Feature: Shadow Transport Secretary Andy McDonald brings Labour’s campaign against rising rail fares to Leamington

Andy McDonald MP (Labour) Shadow Transport Secretary visited Leamington Station  to campaign  on the first working day after New Year, against rail fare rises. He is pictured with local Labour Party members who came along to support him. NNL-170301-212634009
Andy McDonald MP (Labour) Shadow Transport Secretary visited Leamington Station to campaign on the first working day after New Year, against rail fare rises. He is pictured with local Labour Party members who came along to support him. NNL-170301-212634009

Rail passengers in Warwick district and across the country are paying “outrageous” fares to travel amid “staggering” price rises.

This is the view Labour’s Shadow Transport Secretary Andy McDonald MP who visited Leamington station on Tuesday morning as part of his campaign against rising fares.

Brandishing a large mock-up of a rail ticket which highlights that on average fares are up 27 per cent since 2010, Mr McDonald spoke about the issues facing passengers and how the Labour party would tackle them if put in power after the next general election.

He said: “We are highlighting this year-on-year rise in rail fares against a background of a franchise system that’s totally failing people.

“It isn’t providing the service that they want and they are paying a highest fares in Europe.

“People are paying 17% of their average earnings towards season tickets across the country and this is outrageous.

“The whole purpose of our railway system is to try to derive profits for private operators and for us to sponsor and subsidise state-owned railway companies across Europe.”

Statistics provided by Labour as part of the campaign show that those travelling between Leamington and Coventry are paying £252 more for an annual season ticket than the £844 they did in 2010 - a 30 per cent rise.

The cost of a season ticket between Warwick and Birmingham Moor Street has gone up by 32%per cent from £1,114 in 2010 to £1,468 now.

And passengers travelling between Warwick Parkway and Acocks Green in Birmingham are now paying £336, or 29 per cent more, than the £1,114 it would cost them for a season ticket in 2010.

Mr McDonald said: “It is the same everywhere in the country, they are paying ridiculously high fares.

“We’ve had a 2.3 per cent increase and with some unregulated fares we have seen rises of 4.9 per cent.

“This is outrageous, people’s wages have not gone up at that rate they have gone backwards in many cases or stagnated so everybody is getting a poor deal and we’ve got to put passengers first.

“Put passengers before profit and deliver and appropriate service for the people of this country and this area because they haven’t been getting it because this is what they deserve and need.”

Mr McDonald said that, if it were to win the next general election, Labour would halt the rising cost of fares by bringing the railway system back into public ownership and return monies to the treasury rather than having it being “leeched out of the nation’s coffers” and used to subsidise operators abroad such as Abellio in Holland and Deutsche Bahn in Germany.

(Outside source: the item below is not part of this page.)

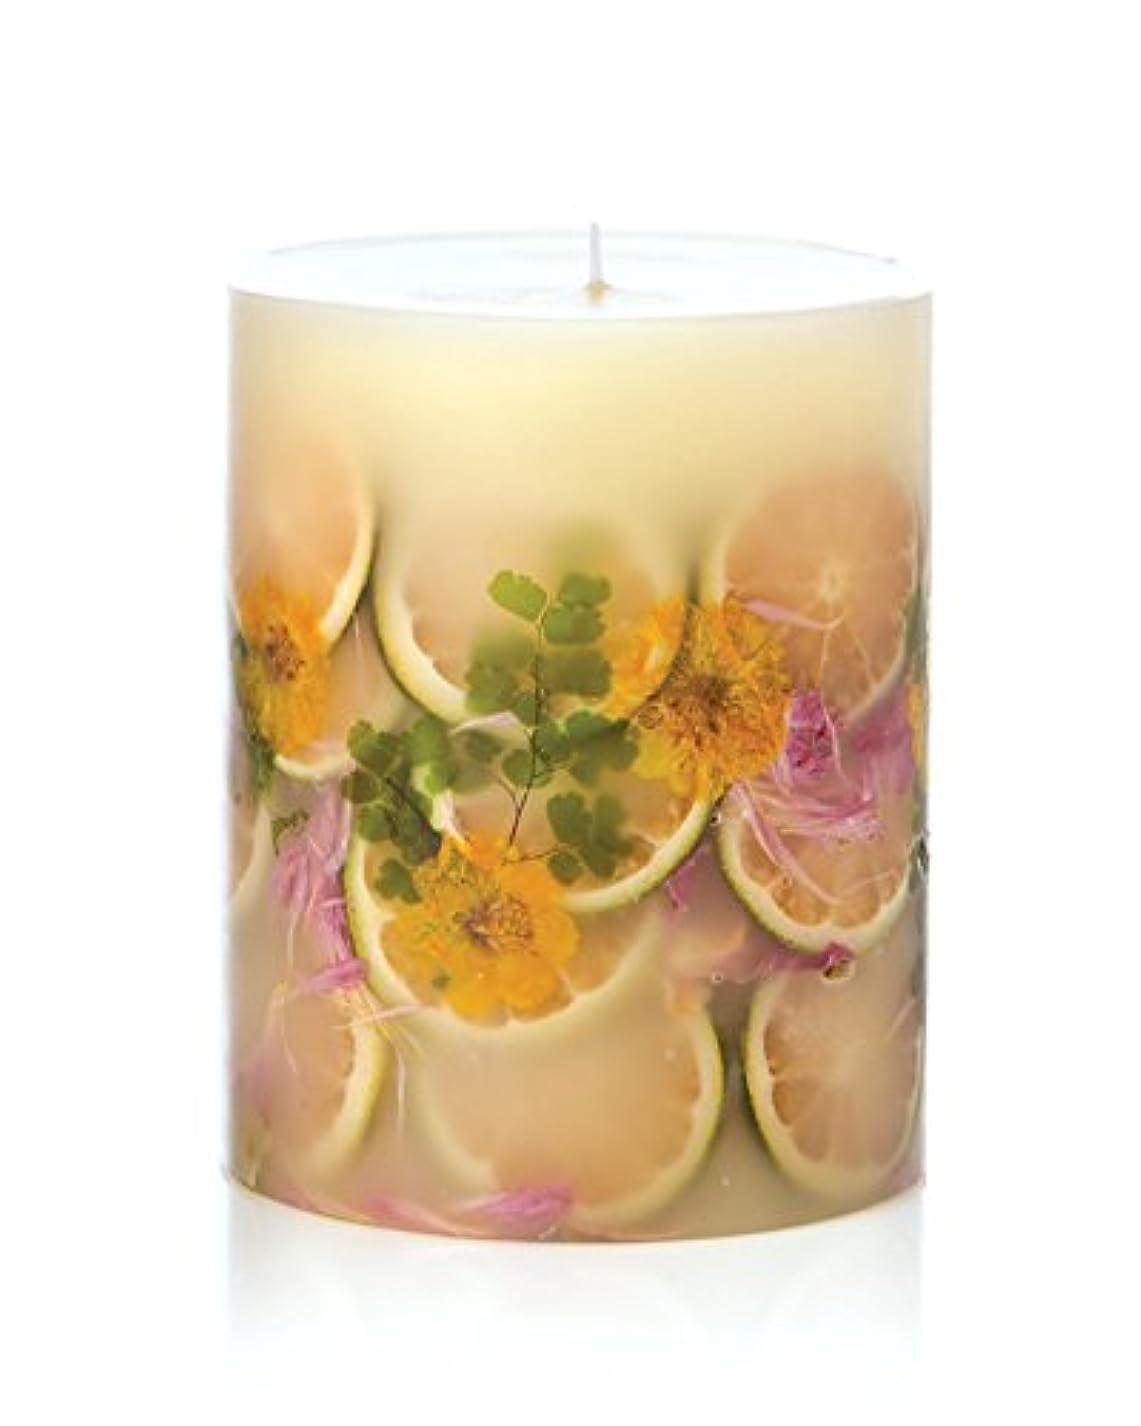 決定的布引数ロージーリングス ボタニカルキャンドル ラウンド レモンブロッサム&ライチ ROSY RINGS Round Botanical Candle Round – Lemon Blossom & Lychee

He said: “It’s a more sensible way to do it and it works in other countries. We have the confidence to do it ourselves.”

“We would be keeping the money here so we can invest in our services, invest in our railways and give the passenger a better deal instead of these rises.”

Protests were held at railway stations up and down the country this week as commuters hit by the annual rise in train fares returned to work after the festive break.

Campaigners Action For Rail organised the day of action after the average increase across Britain of 2.3 per cent came into force on Monday.

**** Monday’s average increase in rail fares across Britain of 2.3 per cent was the highest since January 2014.

Figures vary between operators, with fares on Virgin Trains East Coast services up by 4.9 per cent.

Government regulated fares are applicable to around 40 per cent of all tickets.

Train operating companies set the prices of other tickets but are bound by competition rules.

According to the Rail Delivery Group around 97p in every pound paid by passengers goes back into running and improving services.

But Labour’s Shadow Transport Secretary Andy McDonald said: “Taxpayers and paying passengers are the ones paying for investment on railways, train operating companies do not.”

Responding to protests against the increases, Government Transport Secretary Chris Grayling said: “We’re delivering the biggest rail modernisation programme for more than a century, providing more seats and services. We have always fairly balanced the cost of this investment between the taxpayer and the passenger.”